Le 26 août 2026, l’effondrement brutal d’une masse de glace et de roche dans l’Himalaya a déclenché une crue dévastatrice à la frontière entre le Népal et le Tibet. Au moment où ces lignes sont écrites, les bilans restent provisoires et divergent encore selon les sources, mais ils font déjà état de centaines de morts et de plus de 1 300 disparus. Les premières dépêches avaient évoqué un séisme de magnitude 4,4 comme déclencheur ; cette interprétation a ensuite été révisée, le signal sismique ayant été attribué à l’effondrement lui-même. La précision scientifique compte. Elle n’apaise pourtant pas la question que soulèvent les maisons englouties, les familles sans nouvelles et les corps retirés de la boue : si Dieu est parfaitement bon et tout-puissant, pourquoi un monde gouverné par lui contient-il des catastrophes qui frappent sans distinguer l’enfant de l’adulte, le juste de l’injuste, le croyant de l’incroyant ? Le christianisme ne peut esquiver cette objection. Mais il ne l’aborde pas à partir d’un monde supposé intact.

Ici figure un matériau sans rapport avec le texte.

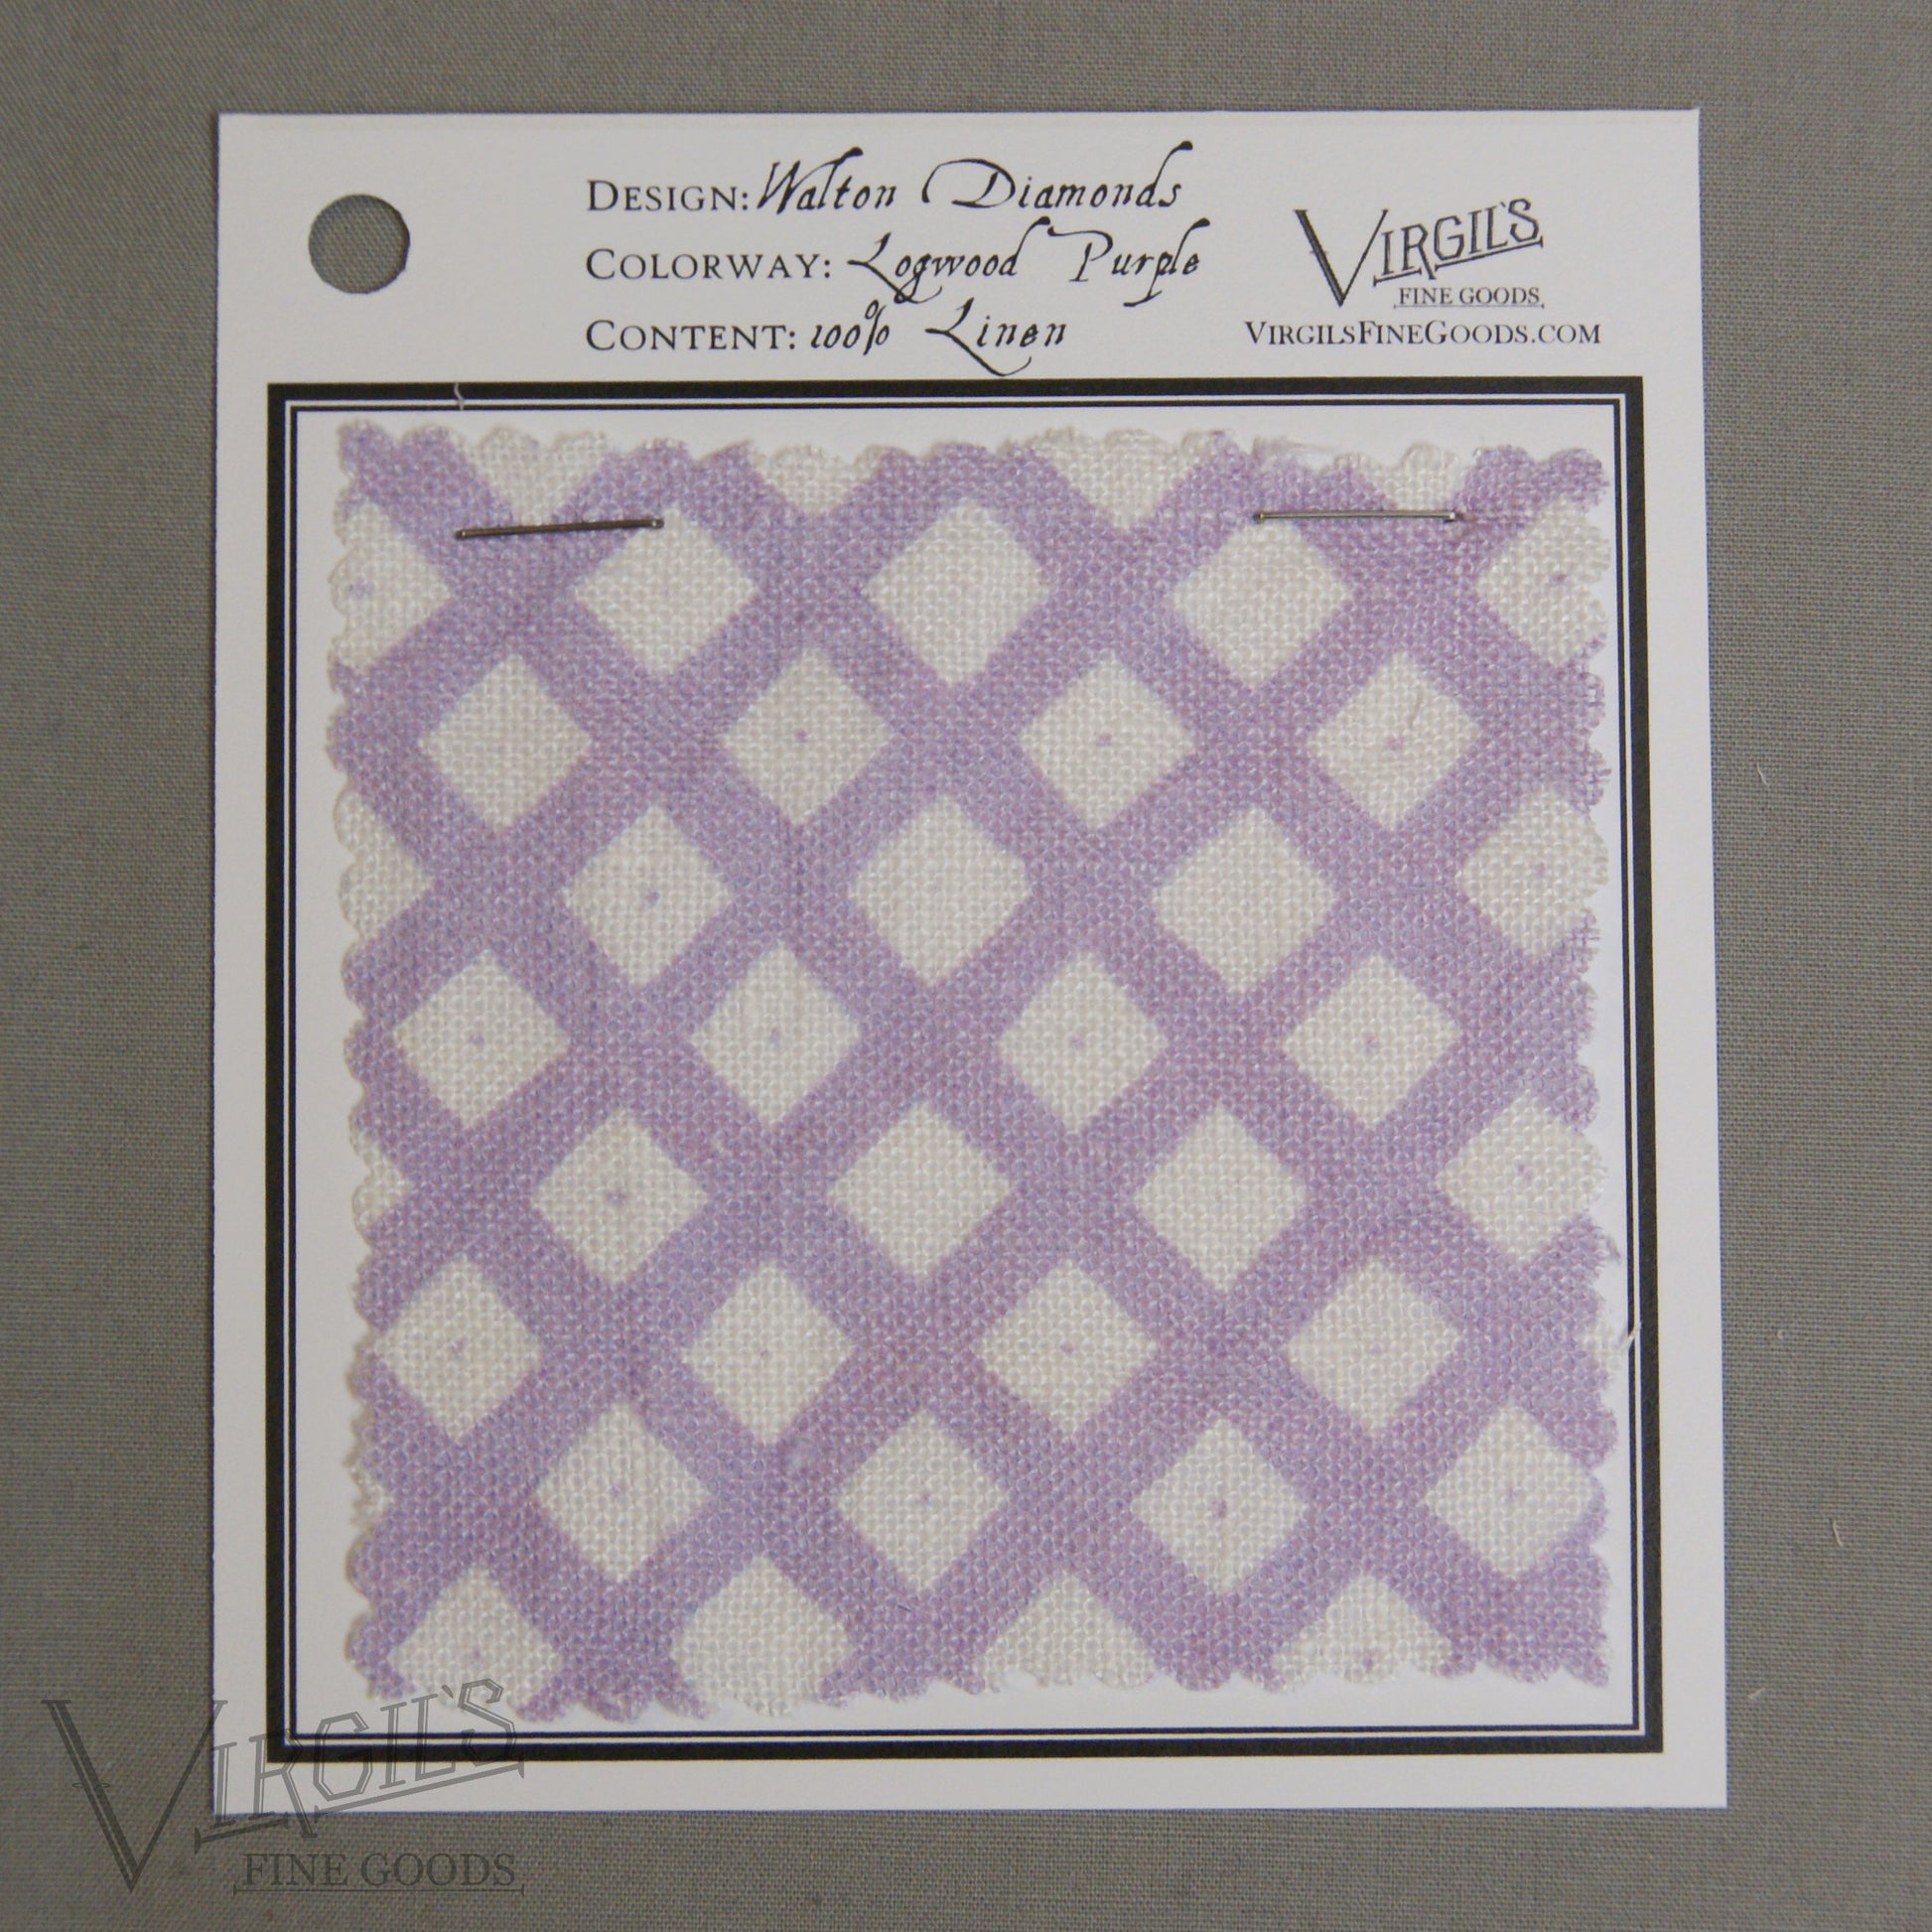 Historical Reproduction Fabric Swatches

Quand la création elle-même semble accuser son Créateur
L’objection est sérieuse
Le problème du mal ne concerne pas seulement les crimes, les guerres ou les violences humaines. Une part de la souffrance paraît venir du monde lui-même : séismes, tsunamis, éruptions, maladies, sécheresses, avalanches, crues et glissements de terrain. Les philosophes parlent alors, par convention, de mal naturel, non parce qu’une montagne ou une rivière posséderait une volonté mauvaise, mais parce que certains processus naturels produisent souffrance, destruction et mort.
L’objection peut être formulée de deux manières. Sa version logique affirme que le mal est incompatible avec un Dieu bon et tout-puissant. Sa version probabiliste, plus forte aujourd’hui, soutient que la quantité, l’intensité et l’apparente gratuité de certaines souffrances rendent l’existence d’un tel Dieu difficile à croire.

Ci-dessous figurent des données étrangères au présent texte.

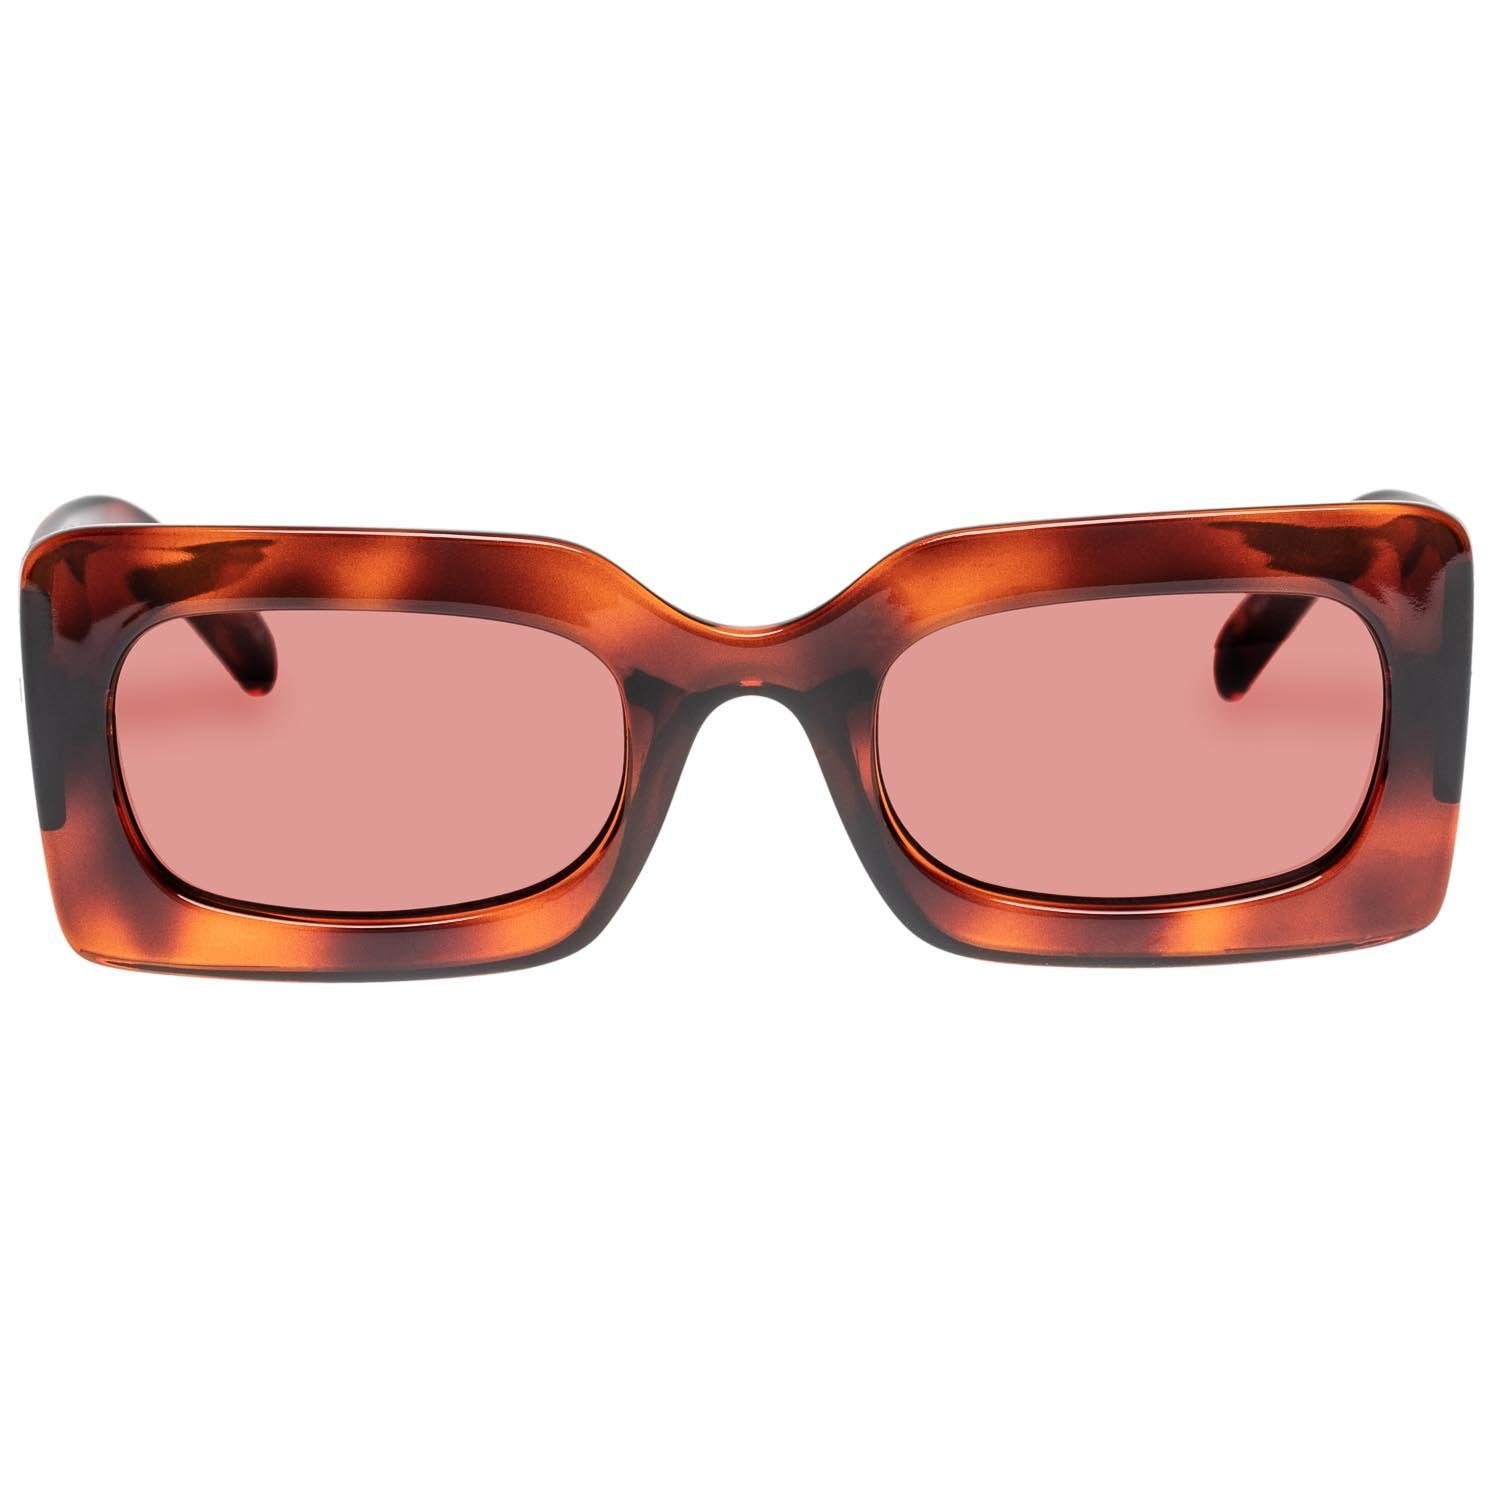 Le Specs | Oh Damn! | Toffee Tort

Il faut prendre cette objection au sérieux. Une théologie qui répondrait trop vite que Dieu a ses raisons sans regarder les morts et les familles endeuillées manquerait de vérité et de compassion. Mais l’émotion, aussi légitime soit-elle, ne dispense pas davantage d’examiner le raisonnement. Pour qu’il y ait contradiction formelle, il faudrait ajouter une prémisse : un Dieu parfaitement bon empêcherait nécessairement toute souffrance qu’il aurait le pouvoir d’empêcher. Or cette prémisse n’est pas évidente. Un bien supérieur, la préservation d’un ordre créé cohérent, une justice, une finalité historique ou des raisons qui dépassent notre connaissance peuvent rendre moralement possible la permission temporaire d’un mal. Cela ne prouve pas encore pourquoi telle catastrophe a lieu. Cela suffit toutefois à montrer que la contradiction logique n’est pas établie.

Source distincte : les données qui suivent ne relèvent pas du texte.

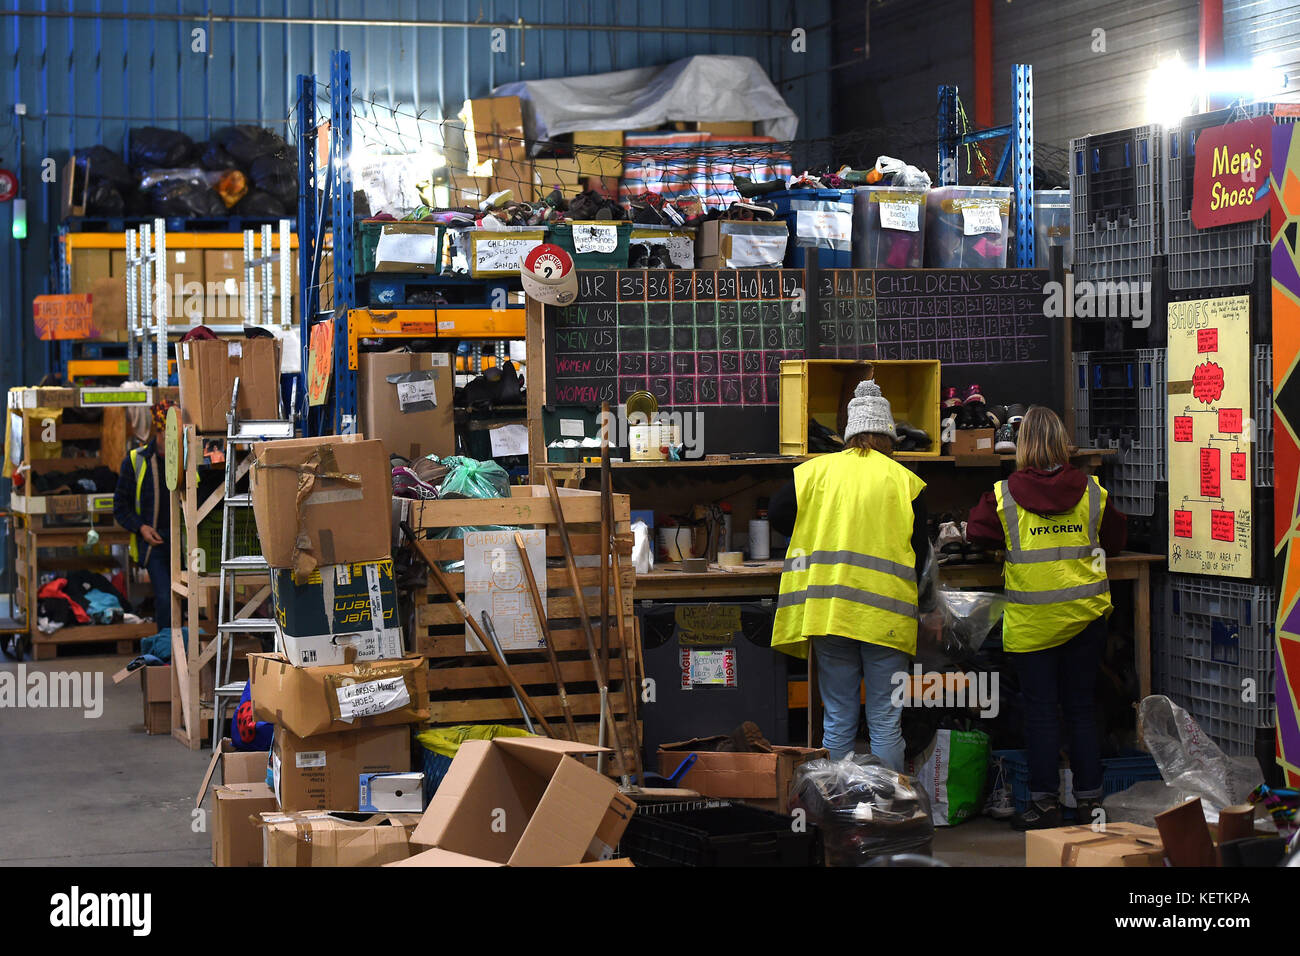 Volunteers sort donations at a warehouse in Calais where charities including Help Refugees and Care4Calais are providing food, clothing and personal hygiene items to migrants around the town, as one year on from the demolition of the camp dubbed "The Jungle" migrants continue to stay in Calais and attempt to cross the border to the UK. Stock Photo

Une cause naturelle n’exclut pas la Providence
Les sciences peuvent chercher avec une précision croissante ce qui s’est produit dans l’Himalaya : stabilité d’un glacier, masse de glace et de roche, pente, dynamique du torrent, rupture d’un barrage naturel, vulnérabilité des vallées. Elles doivent le faire. Comprendre les causes physiques permet d’alerter, d’évacuer et de sauver des vies.
Mais une explication physique et une affirmation sur la Providence ne répondent pas à la même question. Dire qu’une crue a été provoquée par l’effondrement d’un glacier explique une cause prochaine. Cela ne répond ni à la question métaphysique de savoir pourquoi il existe un monde ordonné par des causes, ni à la question théologique de savoir si ce monde échappe ou non au gouvernement de Dieu.
La foi chrétienne n’oppose donc pas Dieu l’a fait à la nature l’a fait comme des explications concurrentes. Dans la conception classique de la Providence, Dieu gouverne réellement le monde au moyen de causes secondes qui possèdent leur consistance propre. La gravité est réelle. La glace se fracture réellement. L’eau suit réellement la pente. Les décisions humaines et les infrastructures ont également des effets réels. Affirmer la souveraineté de Dieu n’abolit pas ces causes ; et découvrir une cause naturelle ne réfute pas, à elle seule, la Providence.
La Bible ne décrit pas notre monde comme un monde intact
L’objection contre Dieu suppose souvent, implicitement, que si le christianisme était vrai, nous devrions vivre dans un monde correspondant encore directement au très bon de la création originelle. Or ce n’est pas le récit biblique.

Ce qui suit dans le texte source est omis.